Venezuela salda vieja deuda con Panamá al extraditar a implicado en atentado terrorista de Hezbolá



Más de 30 años después del atentado contra el vuelo 901 de la aerolínea panameña Alas Chiricanas, las autoridades de Venezuela autorizaron la extradición a Panamá de Ali Zaki Hage Jalil, un ciudadano colombo-venezolano señalado como uno de los presuntos responsables del ataque terrorista que dejó 21 muertos.

Hage Jalil fue trasladado a Panamá tras una solicitud formal presentada por ese país y luego de que Interpol emitiera una notificación roja en su contra. El sospechoso había sido detenido en noviembre de 2025 en la Isla de Margarita, donde residía desde hacía años.

El atentado ocurrió el 19 de julio de 1994, cuando el vuelo 901 explotó poco después de despegar de Colón, Panamá. Entre las víctimas había ciudadanos panameños, estadounidenses e israelíes, así como miembros de la comunidad judía panameña.
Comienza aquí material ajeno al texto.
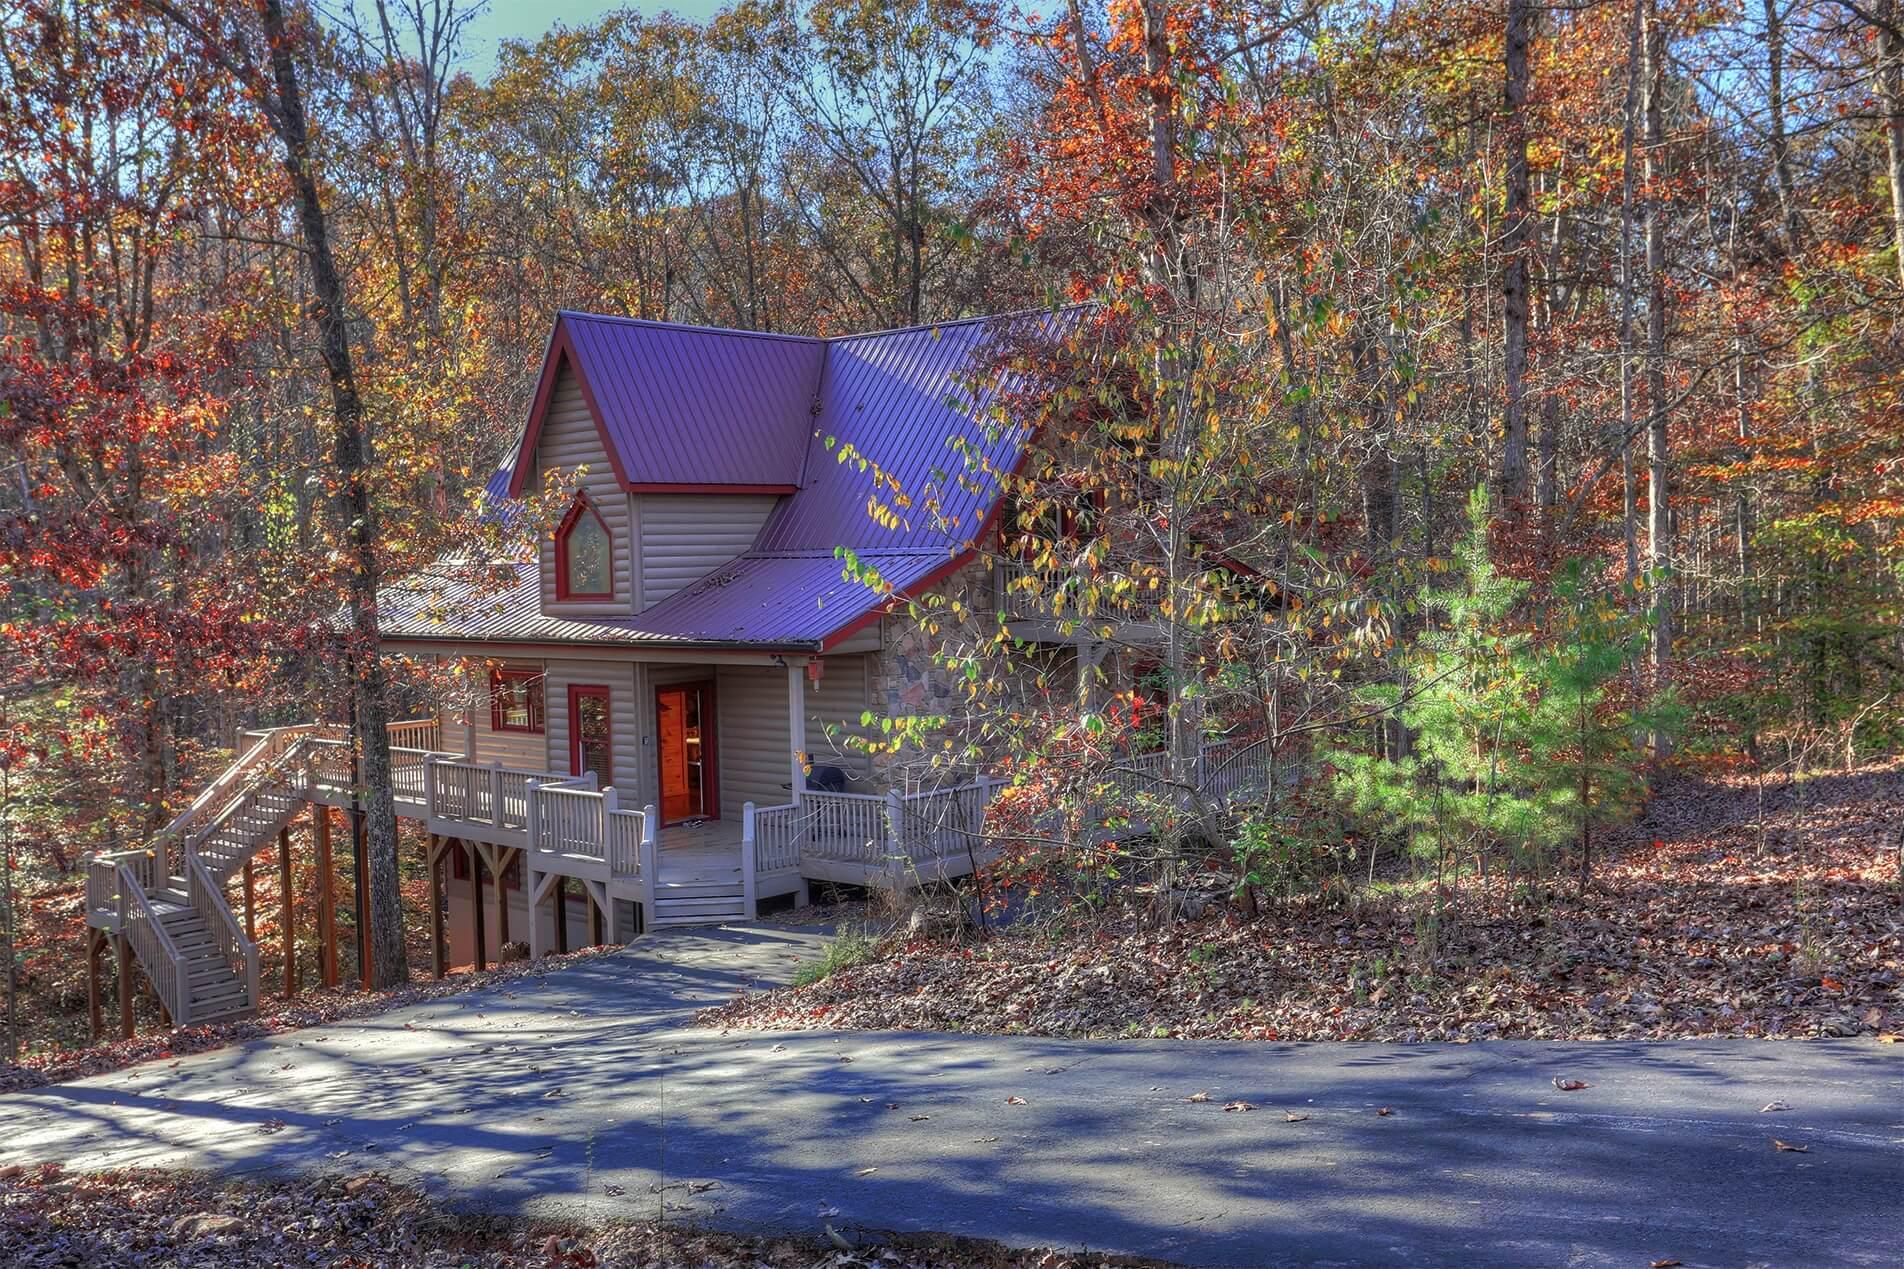 Hickory-Woods-Cedar-Creek-Cabin-Rentals-Helen-Georgia-top-banner-tiny

El ataque ocurrió apenas un día después del atentado contra la sede de la Asociación Mutual Israelita Argentina, AMIA, en Buenos Aires.

Las autoridades panameñas, junto con organismos de inteligencia de Estados Unidos e Israel, sostienen que Hage Jalil formaba parte de la estructura de Hezbolá en América Latina y que habría servido como apoyo logístico para el atentado.

Según la investigación, habría colaborado con el responsable material de colocar la bomba en el avión, un hombre identificado como Ali Hawa Jamal, cuyo cuerpo fue el único que nunca fue reclamado tras la explosión.

El embajador de Estados Unidos en Panamá, Kevin Marino Cabrera, calificó la extradición como “un paso sumamente importante hacia la justicia” y afirmó que el proceso judicial podría ofrecer finalmente paz a las familias de las víctimas.

“El día de hoy representa un paso sumamente importante hacia la justicia. Esperamos que el inicio del proceso legal y su eventual conclusión ofrezca paz a las familias de las víctimas que han esperado más de 30 años”, declaró el diplomático. También subrayó que Estados Unidos colaboró en la operación para llevar al sospechoso ante la justicia.

Las autoridades estadounidenses confirmaron que el FBI aportó información de inteligencia y apoyo técnico a la investigación. La embajada de Estados Unidos en Panamá indicó además que el caso había permanecido estancado durante años y que solo recobró impulso recientemente gracias a nueva información compartida entre Panamá, Israel y Estados Unidos.

José Arocha, investigador del Centro para la Sociedad Libre y Segura, afirmó que el caso vuelve a poner bajo escrutinio la presunta utilización de Venezuela como refugio para miembros de organizaciones extremistas.

Según Arocha, Hage Jalil, nacido en Maicao, Colombia, y de ascendencia libanesa, utilizó documentación venezolana durante años como mecanismo de protección. El investigador sostiene que vivió abiertamente en Venezuela mientras el proceso judicial permanecía prácticamente paralizado.

De acuerdo con reportes del Centro para la Sociedad Libre y Segura, la fiscalía panameña considera que Hage Jalil ayudó a organizar la operación, incluida la obtención de explosivos y materiales usados en la bomba.

En 1994, cuando fue detenido inicialmente en Panamá, las autoridades hallaron armas automáticas, municiones y un cordón detonante similar al utilizado en el atentado. Sin embargo, nunca fue procesado por terrorismo y posteriormente regresó a Venezuela.

La extradición de Hage Jalil representa el avance más importante en más de tres décadas dentro de una investigación que conecta el atentado contra el vuelo 901 con la red internacional de Hezbolá y con el ataque contra la AMIA en Argentina.